Под электричества трещит пожар.
 
   (Даниил Соложев)
 
   Главную посылку, на которой строится патетика былых жителей метрополиса, мы находим в самых истоках изгойской лирики, как заметил с содроганием в отклике на выход в Петрограде в 1922 году книжки переводов Адриана Пиотровского из Феогнида филолог Георгий Лозинский, убежавший в августе 1921 года с помощью финна-контрабандиста из своего города и проживавший в Париже: «Две с половиной тысячи лет назад народная партия изгнала из Мегары поэта Феогнида, горячего сторонника аристократического образа правления. <…> И через две с половиной тысячи лет эти песни изгнанника, зачатки “эмигрантской поэзии”, сохранили для нас свою свежесть. Возможно, что переводчик, избрав темой своей работы сборник Феогнида, и не имел в виду его злободневность, но затушевать ее он не мог, и именно как близкую нам мы воспринимаем значительную часть элегий… “Город наш все еще город. Но люди – другие”, – восклицает он, затаив жажду мести»1.
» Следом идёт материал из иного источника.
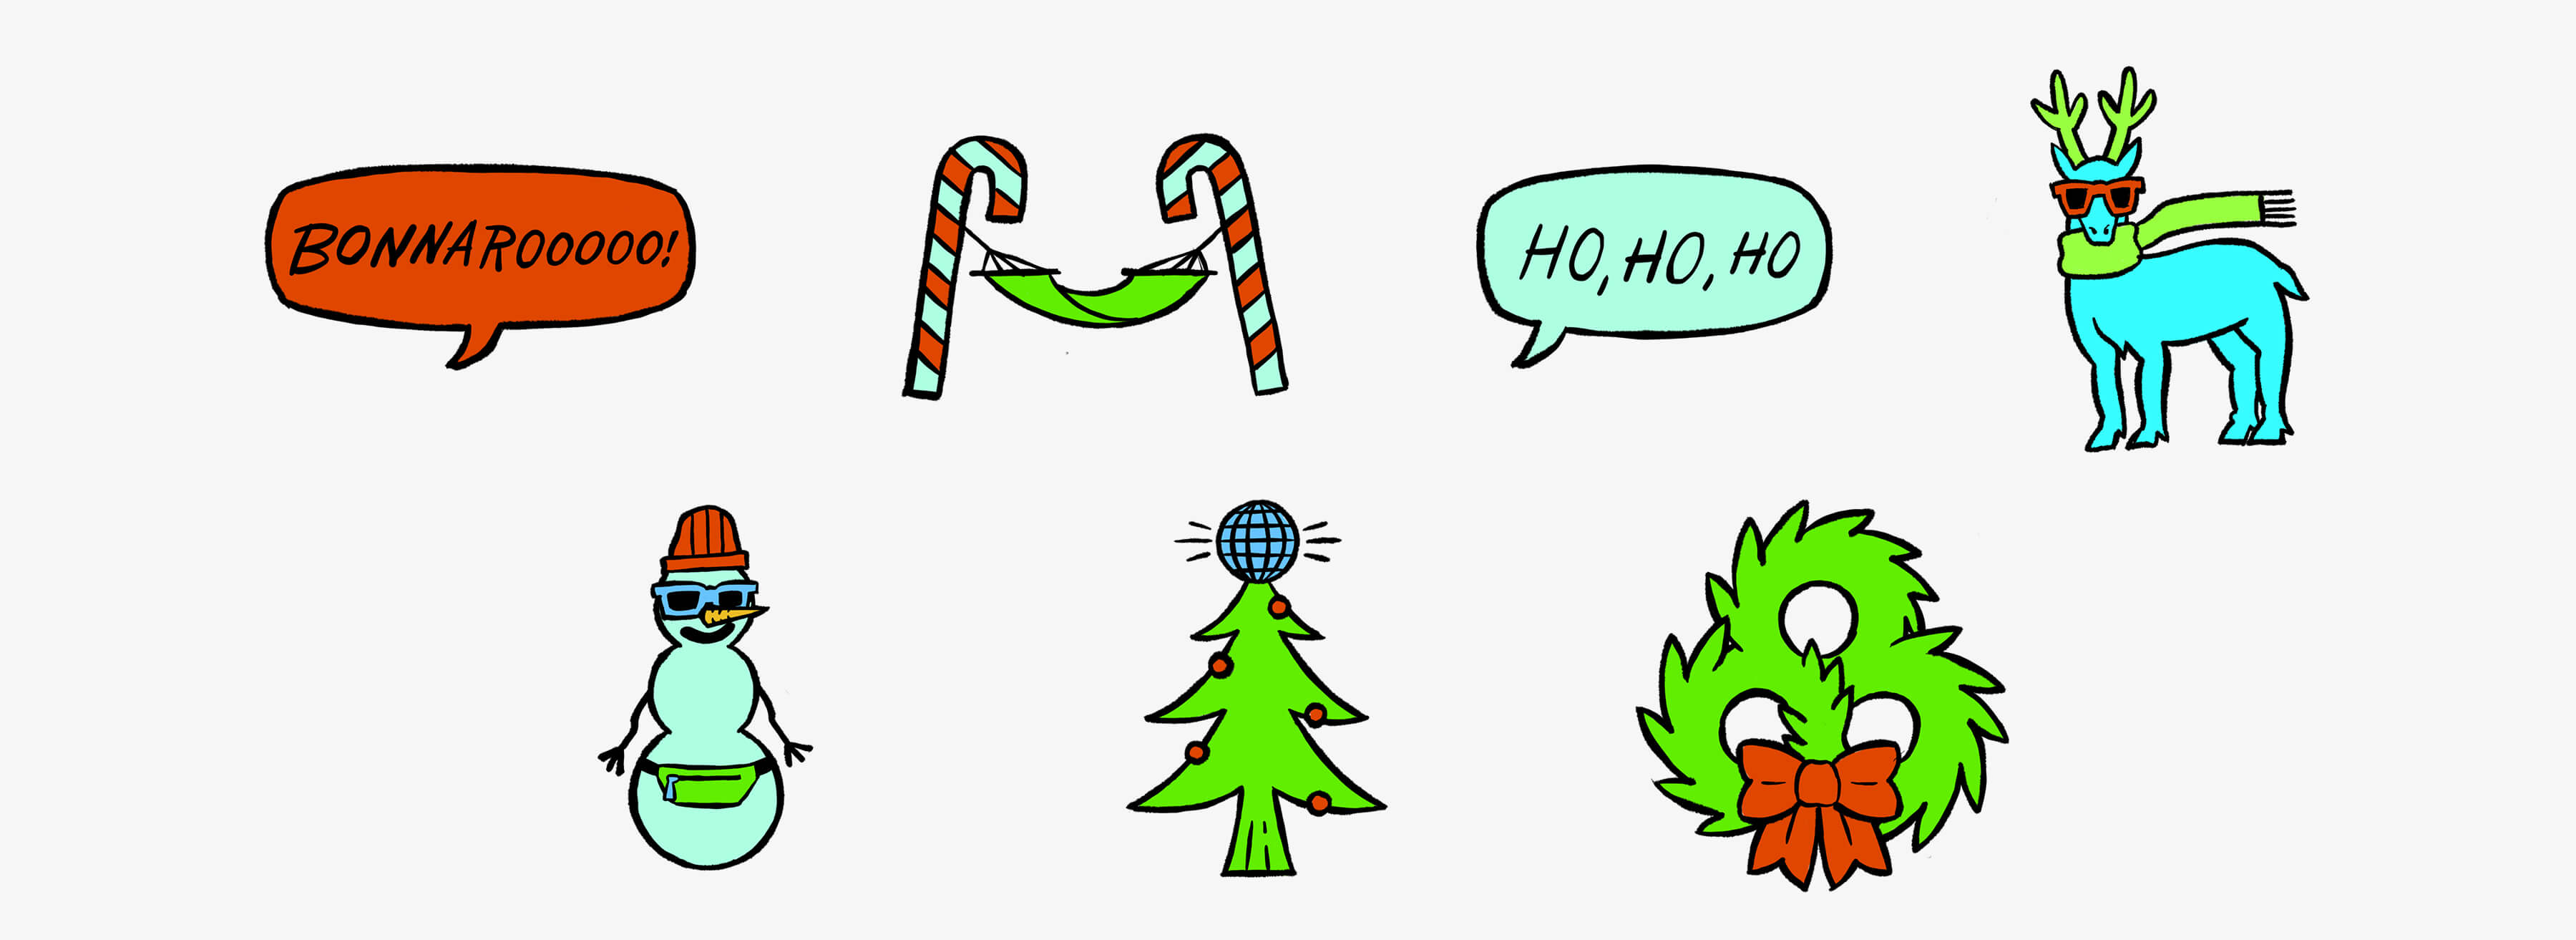 Illustrations developed for the Bonnaroo Holiday Card featuring speech bubbles, candy canes with a hammock, a child snowman and reindeer, a disco holiday tree, and festive holiday wreath.

   В формуле «город тот же, люди другие» передана структура мотивной схемы эмигрантских стихов об оставленном месте – см. например у Татианы Остроумовой о «крае, где петь впервые я училась»:
 
Мне б знать, что здесь средь дымных пург,
Как на смотру иль на параде,
Стоит Петровский Петербург
В чужом и страшном Ленинграде.
И вздыбив верного коня,
Воспетый правнуком арапа,
Все тот же Петр. Так пусть меня
Терзает бархатная лапа…
 
   Формула иногда может быть и обращена – «люди те же, а город другой».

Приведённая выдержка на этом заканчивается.